Information shown Start Marker

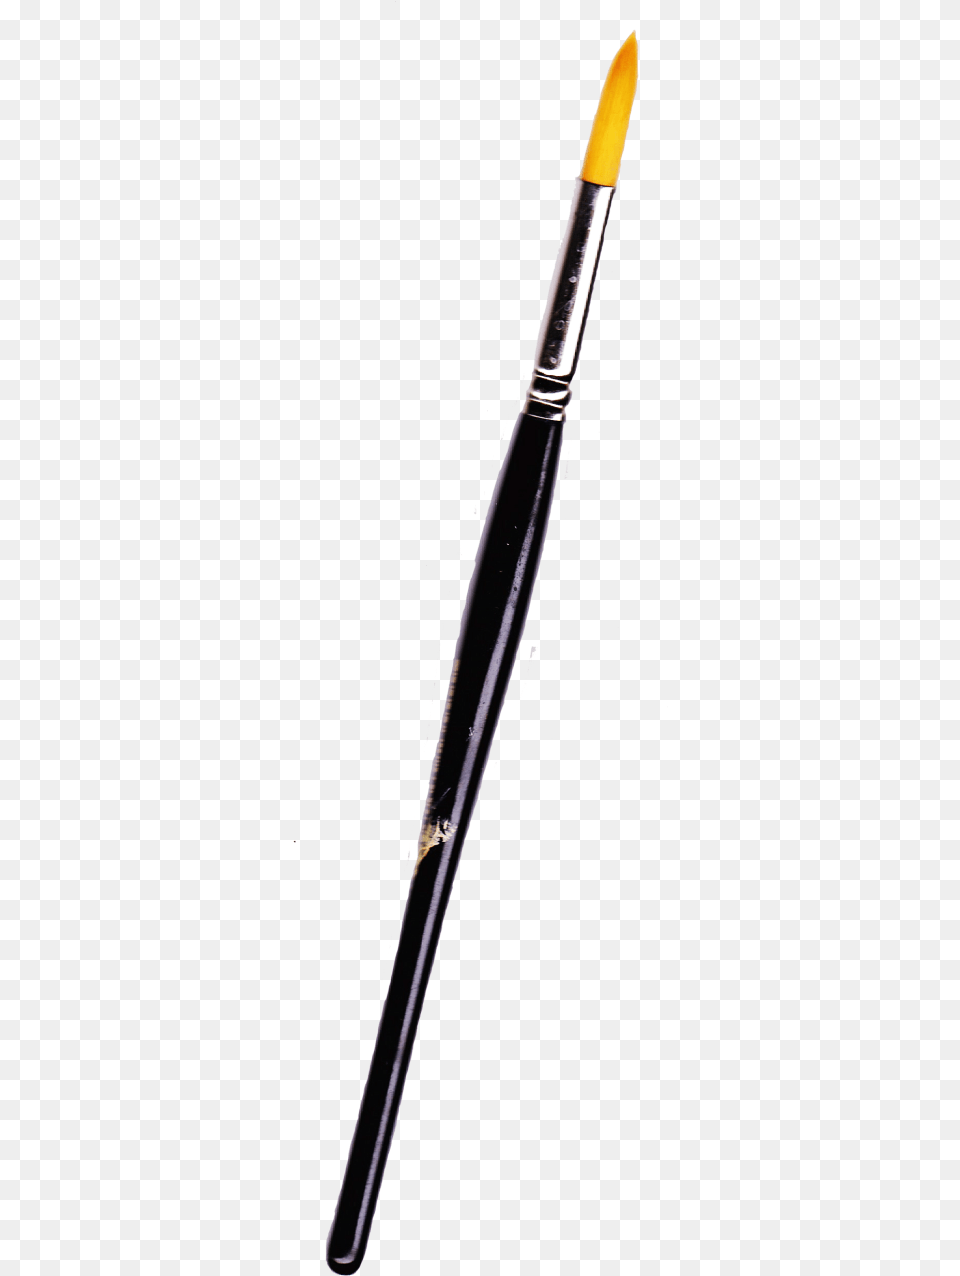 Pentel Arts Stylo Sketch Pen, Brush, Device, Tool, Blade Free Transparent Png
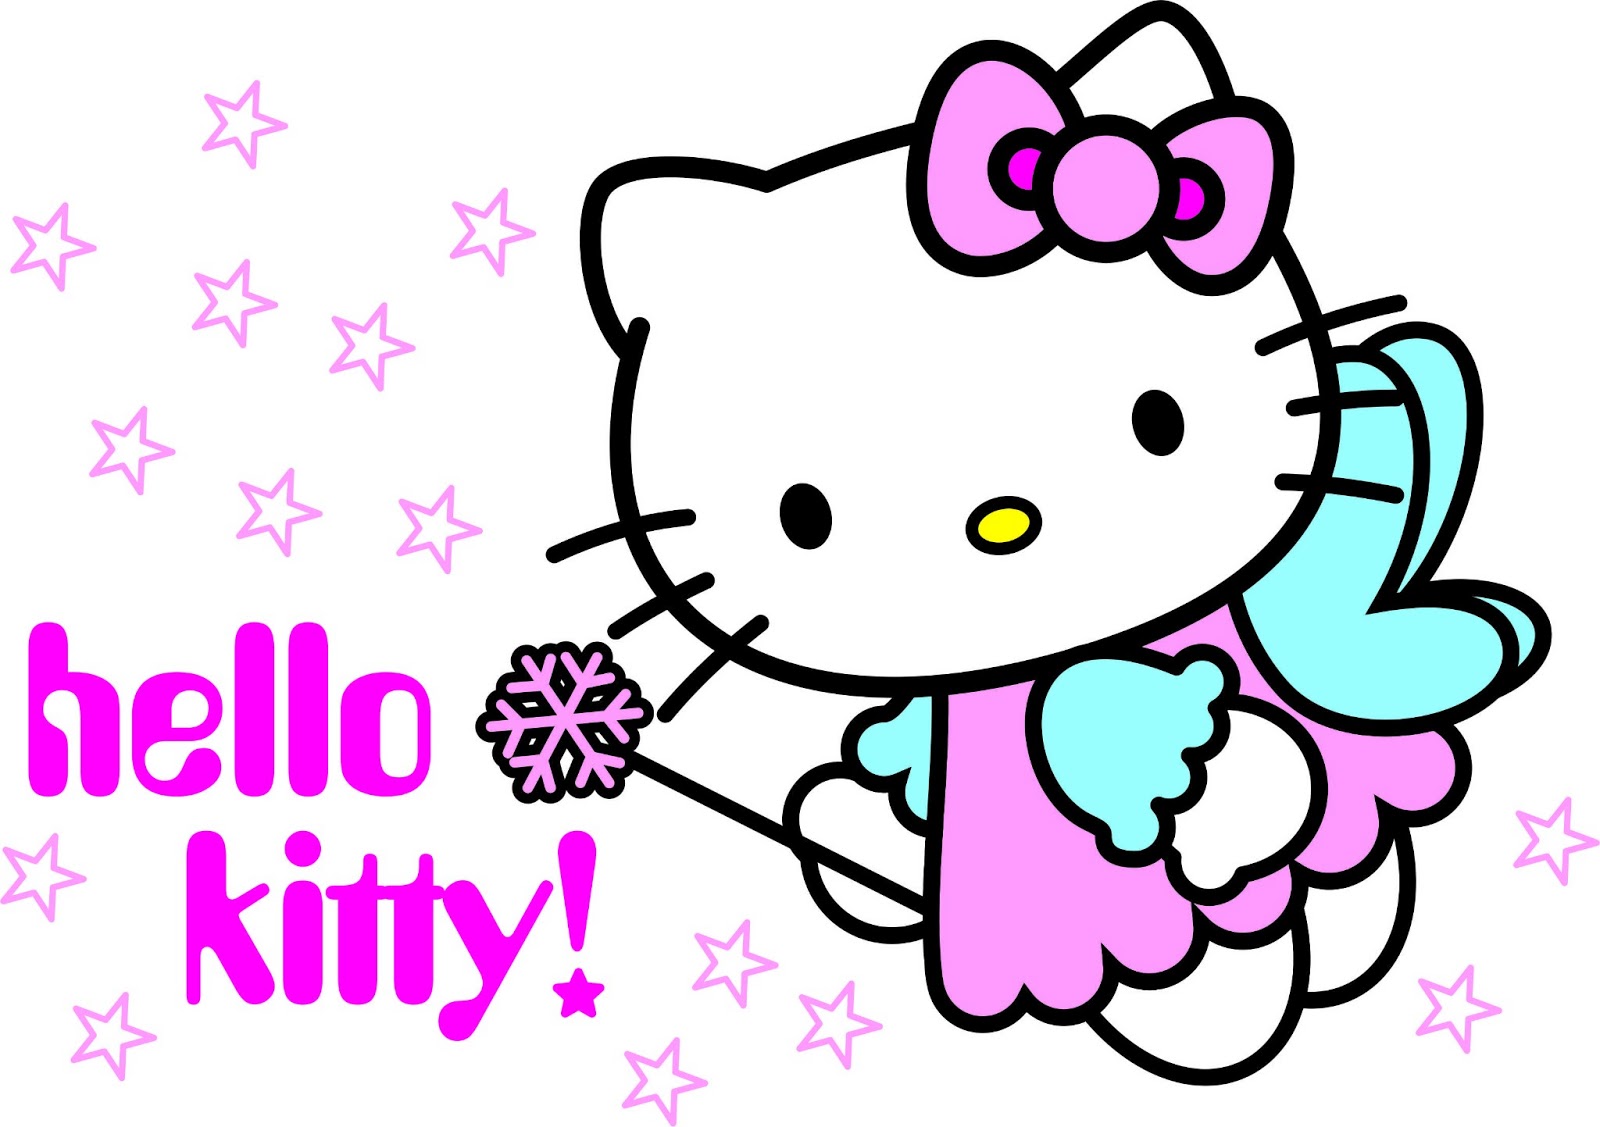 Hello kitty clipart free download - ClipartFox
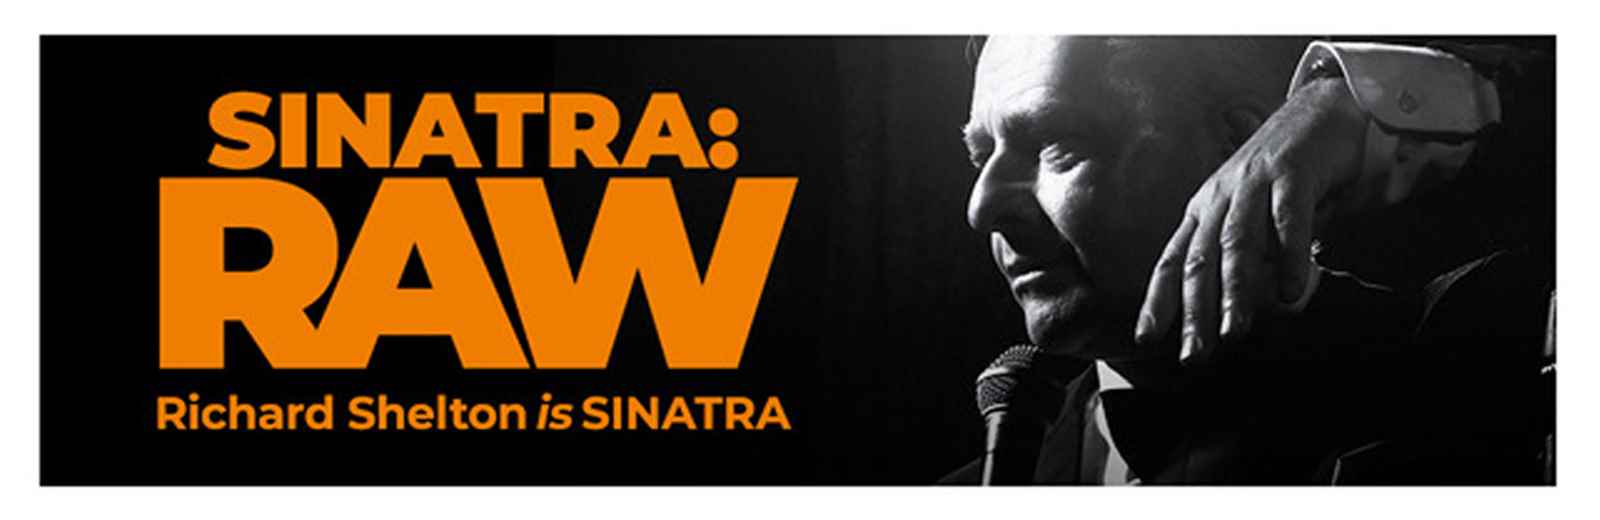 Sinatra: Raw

Information shown End Marker

== What you have to do ==
The reply should consist only of the lines running from the one with "Hello kitty clipart" through the end of the material, both included, copied exactly; please omit pictures.

== Problem solution ==
 Hello kitty clipart free download - ClipartFox
 Sinatra: Raw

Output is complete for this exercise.